Mercifully, she found the back door — she was worried she had dreamed or imagined it — and immediately pressed her palms to open it, listening to it creak noisily. For one horrible moment she glimpsed nothing but the dark alleyway outside. Where was the crew? Where was —

“Over here,” breathed Cyrus as he stepped into the shaft of light. Leta saw he was not alone. Behind him stood the shadowy, eager figures of nearly the entire Dionysian crew. Aiden, Corra, Rhys, Javier, Nikkolai, Maya, Bartley, Tihla and even Ludo were all ready to commandeer the basement, some of them chattering excitedly.

“Hurry!” Leta breathed, stepping aside. “The fight’s started!”

– – – – – – – – – – – – – – – – – – – – – – – – – – – – – – – – – – – – – – – – – – – – – – – – – –

When the guards wrenched him to his feet from the dirt floor of the cell, Fiearius didn’t even try to fight them off.
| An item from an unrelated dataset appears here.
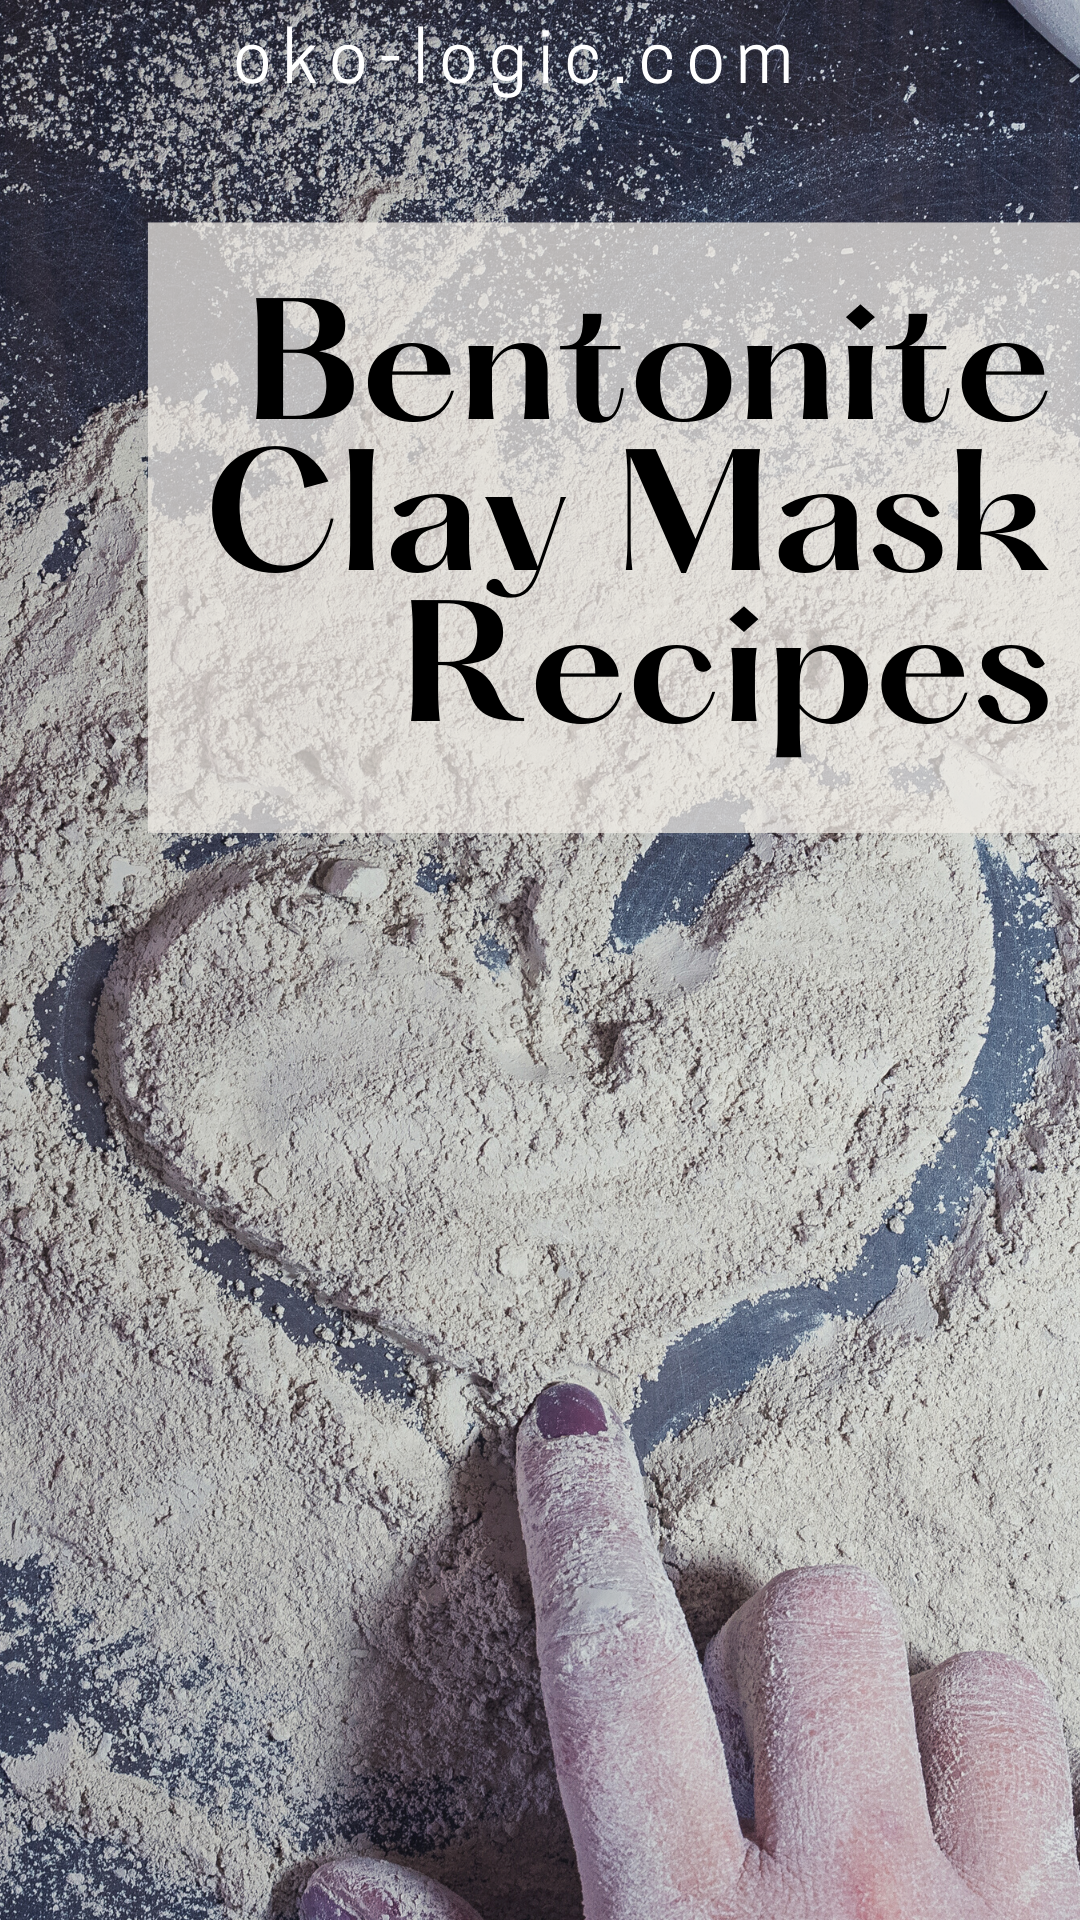 Looking for an Easy Bentonite Clay Mask Recipe? You found it!￼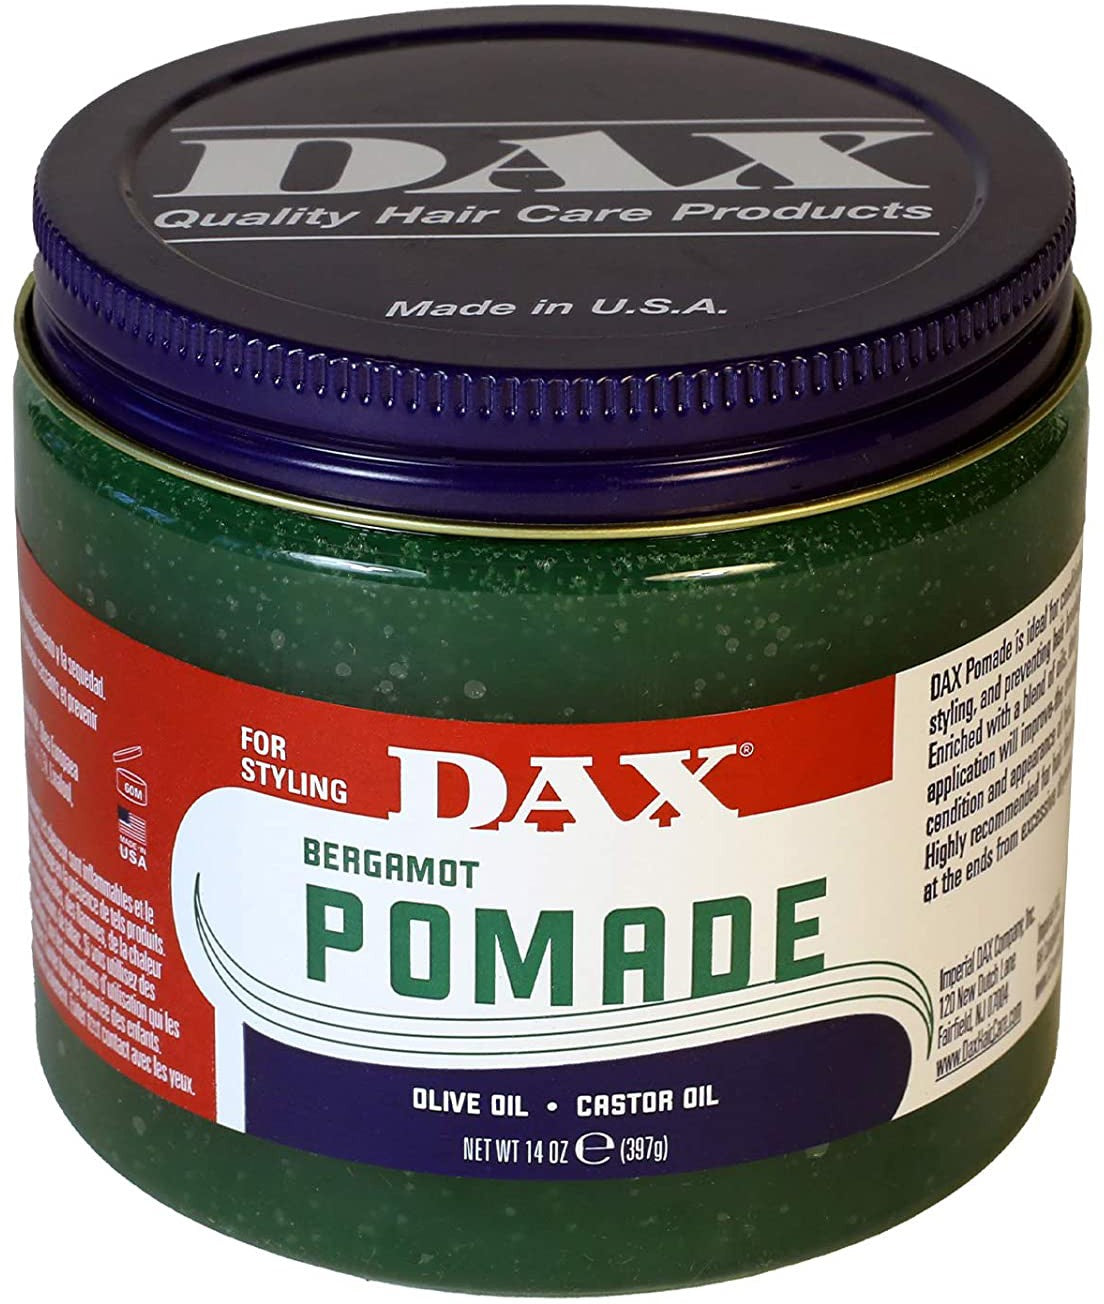 (COSMETICS HAIR CARE) Dax Vegetable Pomade Green 14 oz.

He didn’t fight when they pulled him down the hallway, nor when one of them kicked open the metal door and the roar of the crowd reached his ears.

He supposed he ought to save his energy for this. Round two then, gentlemen? he wanted to say to the guards, but the truth was he felt too tired even to taunt them. The words swayed through his mind and fell short, forgotten.

For hours and hours during the day, he’d slumped against the wall of the cell, dozing on and off, ignoring the taunts and yells from Traze’s cronies on the other side of the bars. At some point, someone had shoved a couple slices of dry bread in his mouth and poured some foul-smelling brown water down his throat, leaving him to long achingly for Amora’s enormous heavy dinners on the Dionysian.

Really, he’d been hoping that Cyrus and Aiden would’ve come back for him by now. How long would it take for them, two geniuses, to figure this shit out? Of course they had to take Leta away from here first; she had been in far more danger than he was even now. But he hadn’t actually given them permission to just leave him here …

They were chanting something, he realized dimly as he was pulled toward the ring. The crowd was chanting something. He strained his ears and realized their cries of ‘red fury! red fury!’ were for him; he really was the main attraction. For once, he did not agree. He felt he was far closer to starving and weak and dizzy than he was to ‘furious’.

Though Traze certainly seemed to think differently as he gave his introductions in the center of the ring. Bloody, dirty, vicious? Boy, was he going to be disappointed. Fiearius watched numbly, his eyelids heavy, feeling oddly detached from the scene …

Fiearius felt one of the men prod him in the back, ushering him into the ring like cattle. Staggering up the steps, Fiearius dropped his gaze abruptly and noticed the guards had forgotten something: the binds around his hands.

With a jolt, he called, “Hey!” and shook his wrists pointedly in their direction. One of them did glance backward. And then he nudged the other. And they both laughed.

Fiearius stared after them a moment longer. Then he closed his eyes for a moment and turned to face the ring once more, hoping that would be the last unpleasant surprise of the night.